Top 10 Mistakes that Traders Make (Part 2)




5. Not hedging the market

While stock prices do move up in the long-term, this movement is not consistent.  The market is riddled with peaks and valleys.  Maintaining only long positions during dips will drastically slow down your compounding gains.  It is wise to hold put options on a few overvalued stocks and exercise them during market corrections.

4. Holding stocks for too long

No one is a fortuneteller.  The position you just entered is not guaranteed to shoot to the moon.  Actually, it is likely to fluctuate up and down over many months.  Holding a stock in hopes for a large gain is a waste of compounded gains.  Sell your stock on a small upswing and buy another one in a dip.

3. Putting all their money into one stock

Traders who fear the market are those who have put most of their money in a single stock.  There is no perfect stock or buy-in opportunity; thinking so will only result in irrational decisions when the stock dips down.  A company with the cleanest complexion can be hideous when the makeup is removed. 

2. Not using fundamentals

The stock market is a representation of the age-old barter-and-trade system.  You have something that another person wants, and that person has something you want.  As long as someone else wants what you have, you're able to profit.  However if that demand diminishes you will be stuck holding a worthless product.  The best way to ensure that your product will always be in demand is to invest on tangible principles: a company's assets, cash, or earnings.  The worst way to ensure your product will be in demand?  Investing on speculation, technical indicators, or rumors… any of these can disappear within a second's notice.

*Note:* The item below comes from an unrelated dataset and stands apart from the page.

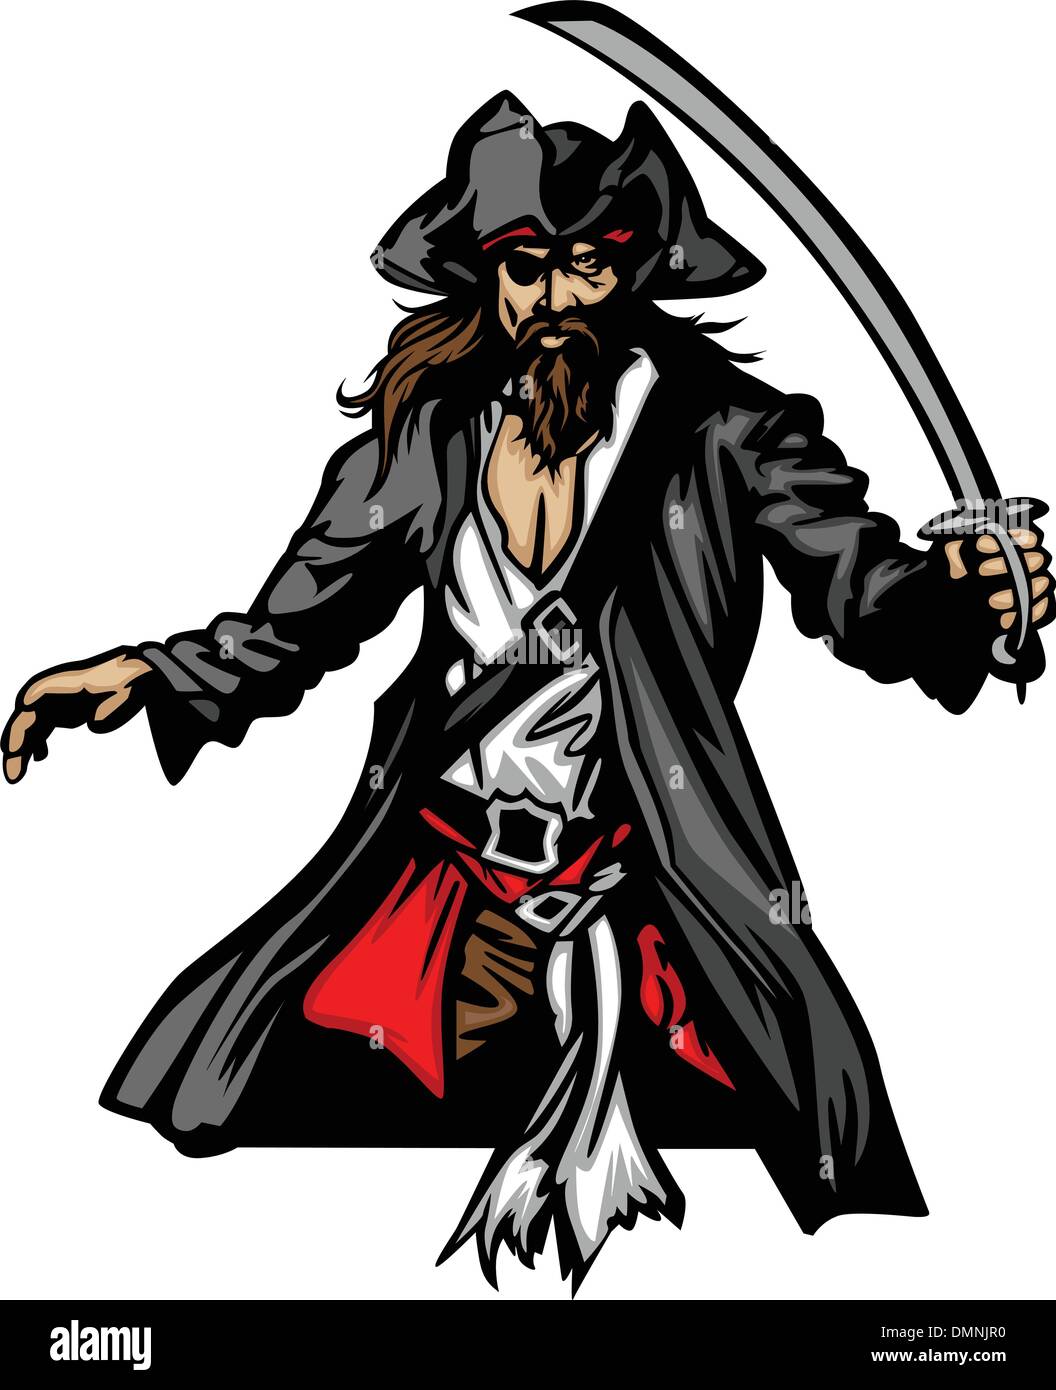 Piraten-Maskottchen stehend mit Schwert und Hut graphischen Vektor-Illustration Stock Vektor

1. Doing too much analysis

The more work one has put into a project, the more confident they are in its validity.  Stock traders create all sorts of complex analyses, back test it until it works, then convince themselves that they have found the magic formula. 

Stock trading is not complex; it is a simple barter-and-trade system.  In this type of system the person who succeeds is the person that is able to make consistently rational decisions; earning small gains on a large volume of trades.

There are many trading platforms that advertise their complex stock analysis tools, all decked out with colorful charts, gauges, and numbers that give the appearance of wise investing.  The opposite is true, however.  Relying on these flavor-of-the-month tools pulls the trader away from relying on what matters: using basic business concepts to profit off emotional traders.

That's all that matters.  Stick with that concept and you will profit from those who cannot.